Safety is key for operators on the nation’s waterways, but for an industry that moves vast amounts of cargoes, ranging from agriculture products and breakbulk to chemicals and hydrocarbons, via steel barges on rivers and canals, a certain measure of risk will always remain. The challenge for safety managers becomes finding innovative ways to reduce that risk.
For fleets, barge cleaners and cargo shifters, one point of concern has always been removing and replacing lids atop hopper barges. The operation typically requires one person to operate a crane or lift, while one or more others climb aboard the barge wearing harnesses and hard hats to secure barge lids with hooks. It’s a process that not only involves risk but also takes time, so finding a way to keep crew members off barge lids would enhance safety as well as boost efficiency.
To meet that need, CIS Marine Division, a subsidiary of CIS Contractors & Industrial Supply Company Inc., has debuted the X-Factor barge cover handling system. CIS boasts that X-Factor can finally help make “no boots on the barge” a reality.
X-Factor’s roots go back around five years. Tom Schiller, president of CIS Marine Division, was working with Shane Bakalyar, terminal manager for LafargeHolcim’s cement terminal in Nashville, Tenn., on a rigging issue years ago. Along the way, the two began to brainstorm other ways to promote safety at the terminal.
“LafargeHolcim was looking for whatever they could do to keep people off barges, because that’s a big safety issue,” said Scott Thelen, marine sales manager for CIS. “One of the biggest issues has always been how to pull the covers off the barges. That’s where Tom and Shane put their minds together.”
Bakalyar took a hook that CIS distributes and designed a four-point barge lid removal system that could be operated remotely. Bakalyar holds the patent for the system, while CIS manufactures, markets and distributes the concept. Bakalyar was granted the patent in September 2016.
“Shane sketched this X configuration and suspended hooks from it, and that’s where this whole concept came from,” Schiller said.

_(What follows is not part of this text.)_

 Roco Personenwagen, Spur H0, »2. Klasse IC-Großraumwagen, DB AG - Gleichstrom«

Schiller said X-Factor has been at work at the LafargeHolcim receiving terminal for well over a year.
“What makes me feel really good is we had this thing engineered, built and running within a year,” Schiller said. “And the first one worked, which is pretty amazing. This may be the only terminal in North America where, for lid lifting, no one has to get on the barge.”

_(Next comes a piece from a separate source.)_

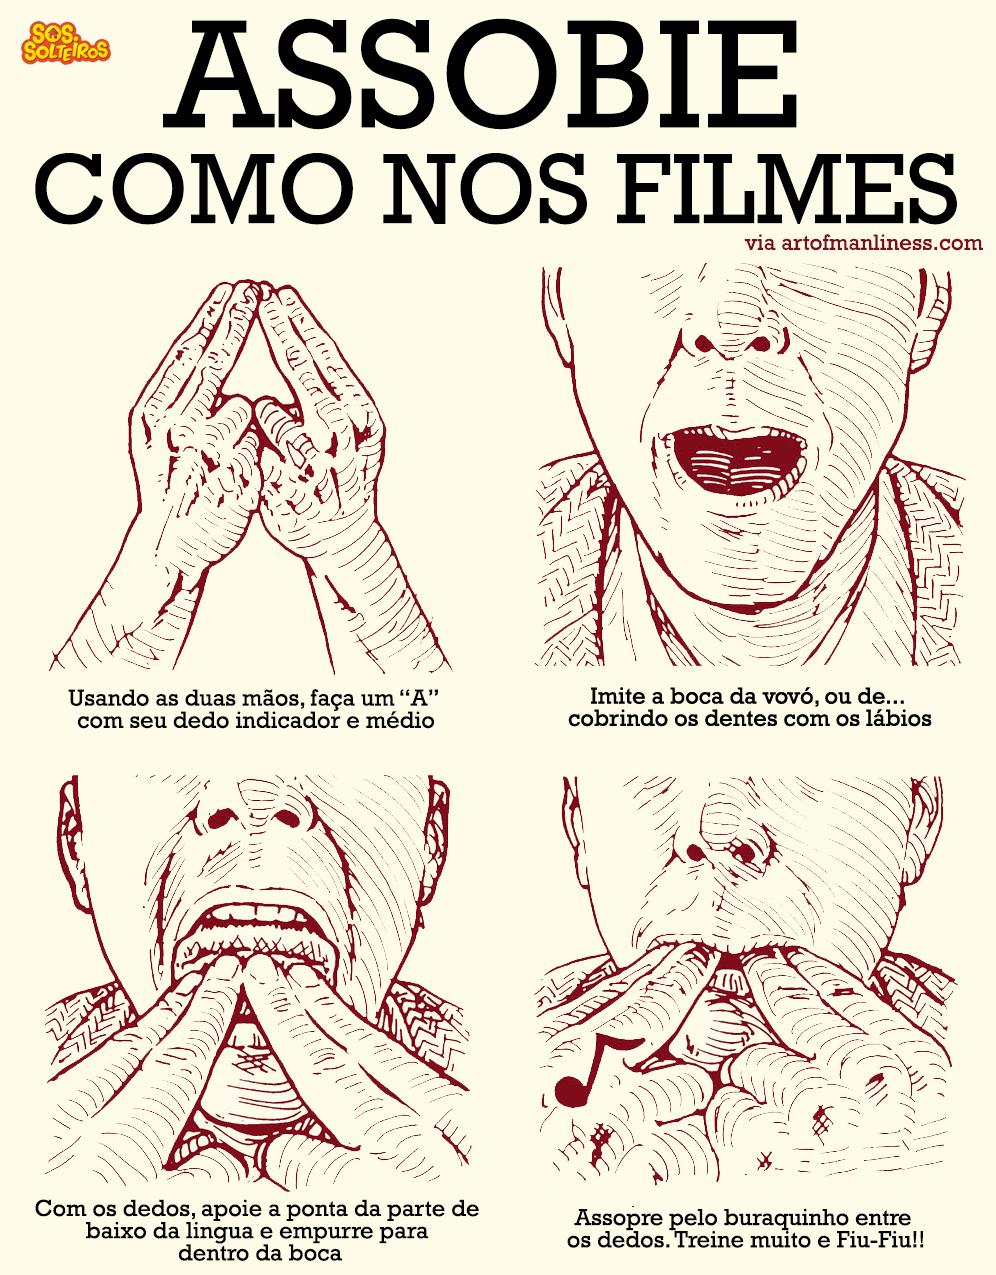 como assobiar alto com dedos filmes

To further limit the need for terminal workers to set foot on barges, Bakalyar and the Nashville terminal have partnered with Bobcat to develop a radio controlled “skid steer” device, which is hoisted by crane into the barge and operated remotely from the dock.
Schiller said CIS is working with LafargeHolcim to deploy the X-Factor system to three other terminals: another in Nashville, one in Baton Rouge, La., and a third in the Chicago area. Schiller said the partnership and product development is all about responding to the needs of the industry.
“I’m no expert—I just listen to people,” he said. “All I’ve ever had to do is listen, and our clients will tell you what they need.”
Schiller stressed that X-Factor is about both safety and efficiency.
“Now with X-Factor, the first guy is on the crane making the lift, and the second guy is already working on production,” he said. “He’s no longer going around making connections. He’s doing production work. The efficiency gains are pretty nice.”
The X-Factor system received the 2018 Portland Cement Association’s Safety Innovation Award for unique solutions in the Distribution Category of the cement industry. The award honors the shared effort by LaFargeHolcim US and CIS to improve materials handling and distribution while reducing human risk.
CIS is also working with a large-scale grain terminal operator to stack multiple X-Factors into a system capable of lifting the lids of multiple barges simultaneously.
Concurrent with its rollout of X-Factor, CIS is launching a new product called DraftEye. With the help of LIDAR technology (light detection and ranging via laser pulse), DraftEye can measure the draft, as well as roll, pitch and yaw, of a barge to determine loading capacity.
Again, safety and efficiency are what’s driving development of the DraftEye system.
“Currently, in most cases draft is measured by a tape measure or a stick,” Thelen said. “We’ve developed a system using LIDAR technology to look at the barge and give a very accurate measurement of draft.”
The system allows barge loaders to input the precise dimensions and design of the barge to determine load capacity.
“For those customers looking at drafts in terms of dollars, this gives a very accurate measurement without anyone going on the barge,” said Thelen, adding that the system will be accurate to within half an inch.
Pointing to X-Factor and DraftEye, Thelen and Schiller said CIS goes well beyond the role of mere manufacturer or distributor.
“We’re an integrator, a service company,” Thelen said. “We can help people figure out how to position their barges, provide lifting and rigging design assistance, and offer new safety innovations like X-Factor and DraftEye. Nobody else in the industry is doing what we’re doing.”